# Corsair H60 auf MSI GTX760



## Bob_gamer (1. September 2013)

Hallo,
einer meiner PCs hat eine MSI GTX760 spendiert bekommen. In einem Youtube Video hab ich gesehen wie jemand eine Corsair H60 auf eine GraKa gebaut hat(https://www.youtube.com/watch?v=h1Rj3HuG2Sg).

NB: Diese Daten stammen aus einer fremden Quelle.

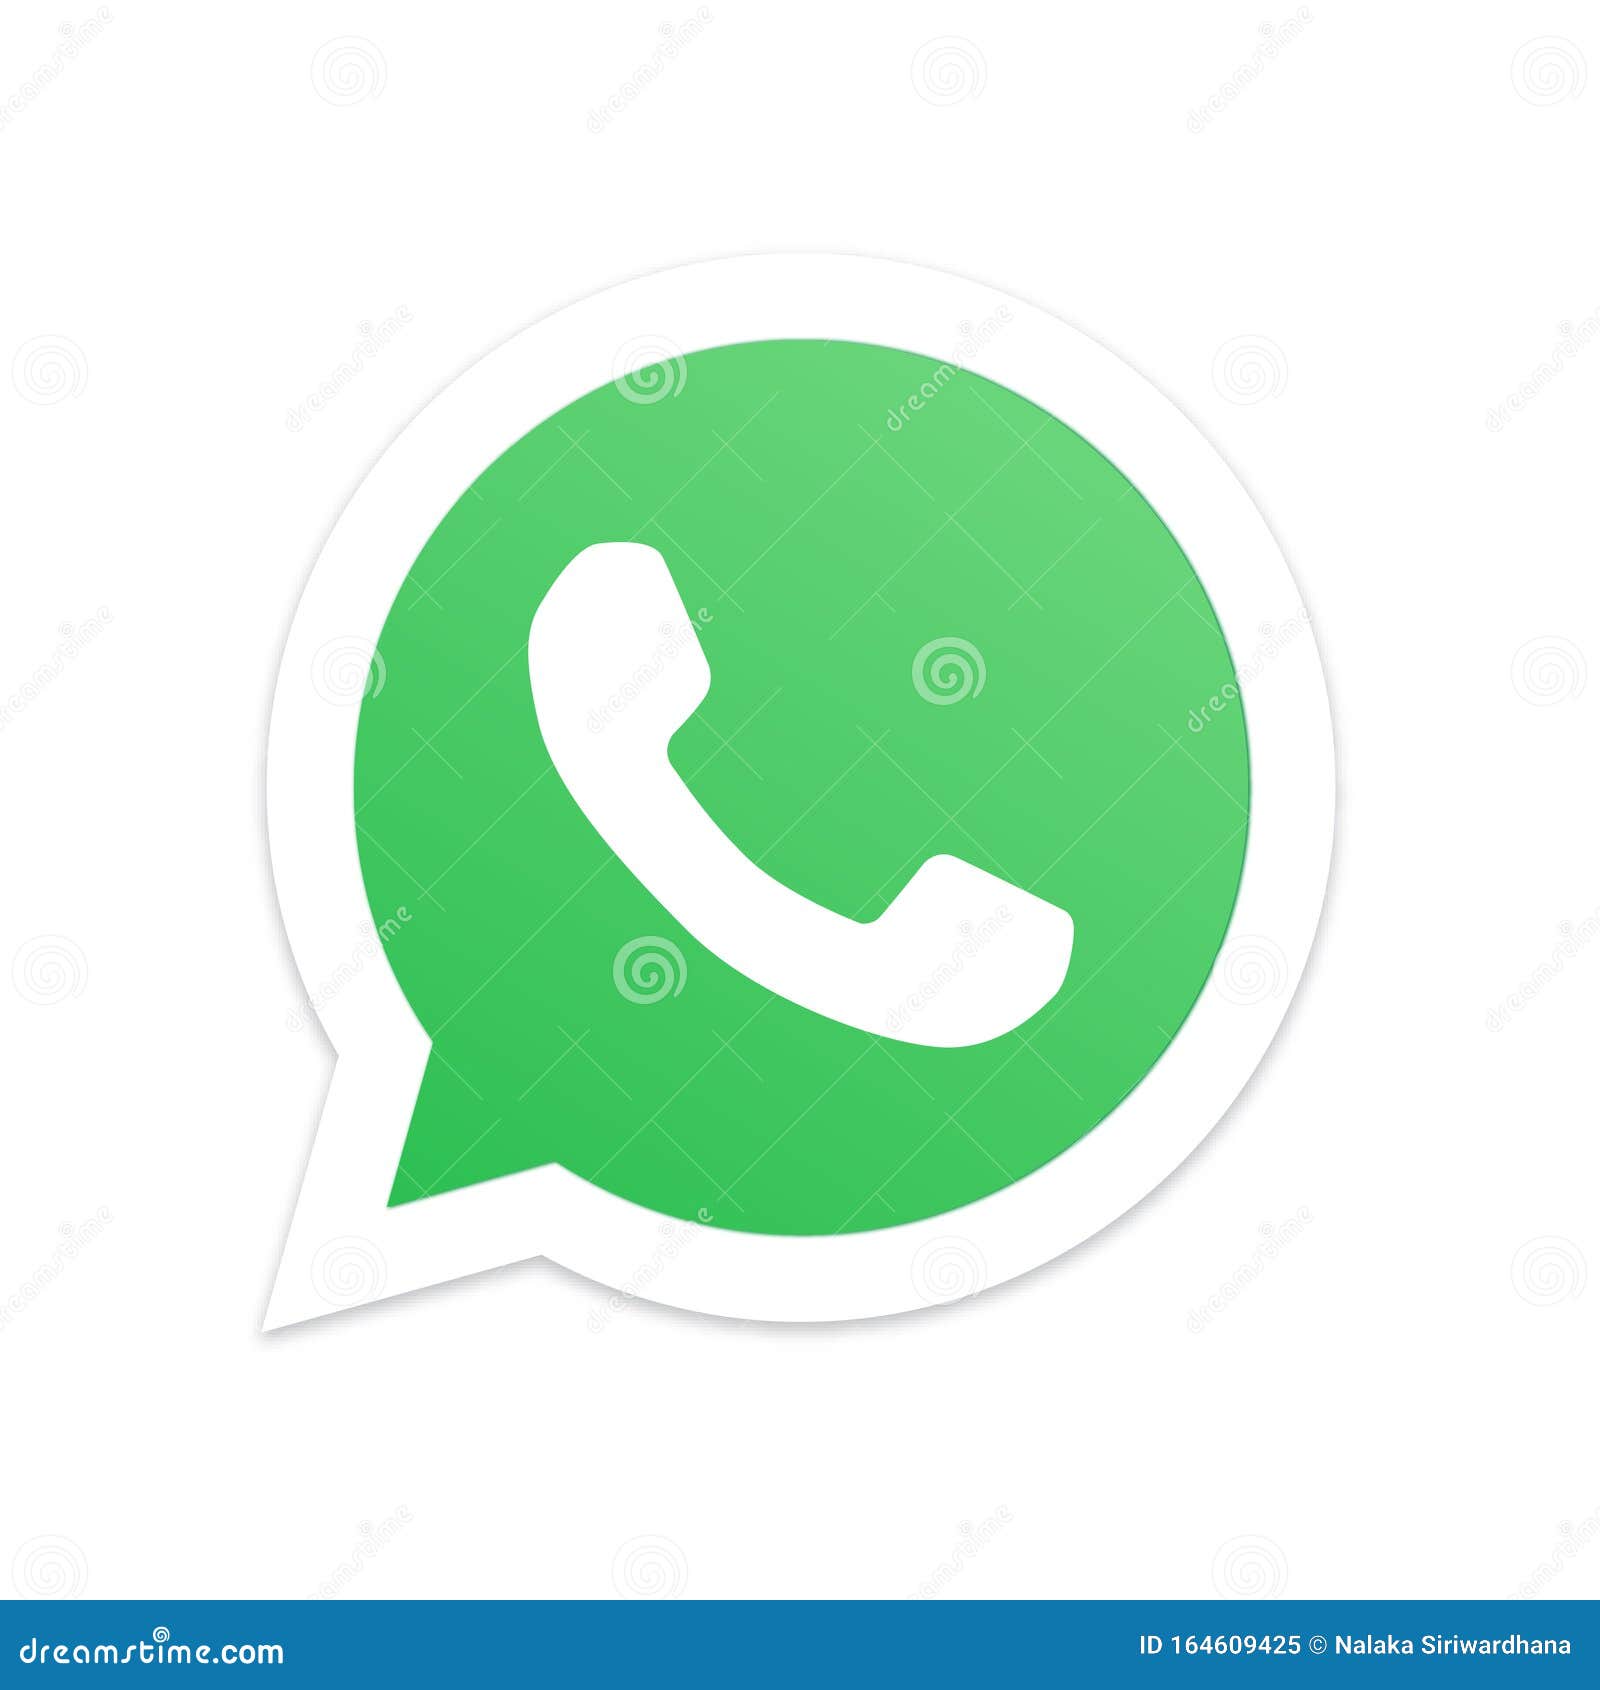 Whatsapp Flat Icon Editorial Image Illustration Of Dial 164609425

Geht es auch bei meiner MSI GTX760, eine H60 als Kühlung zu verwenden?? Und bringt es was??

Danke im Voraus

MFG Bob_gamer


----------



## hodenbussard (1. September 2013)

Also du hast dabei ja die Sockelhalterung,wenn davon die Bohrungen mit der 760 übereinstimmen sollte es klappen.


----------



## Drizztly (1. September 2013)

Brauchst aber auf jeden Fall einen guten Luftzug und Passivkühler für die Graka, da die H60 ja nur die GPU kühlt und nicht den VRAM und die SpaWas.


----------



## Monsjo (1. September 2013)

Wenn du diese unnötige Sache machen willst, dann doch lieber den hier: Arctic Cooling Accelero Hybrid (DCACO-V750001-GB) Preisvergleich | Geizhals Deutschland


----------



## der pc-nutzer (2. September 2013)

Ausser einem starken anstig der lautstärke und etwas geringeren temps bringt das wenig. Besser wäre ein ekl peter mit 2 shadow wings pwm 140mm oder 2 ekl wingboost deep orange 140mm


----------



## Gast20140625 (2. September 2013)

Wenn du die H60 montiert bekommst, kannste das machen. (Je nach Bastelwillen praktisch immer machbar)
Je nach verbautem original Kühler verbessern sich die Temps und Lautstärke oder eben auch nicht.


----------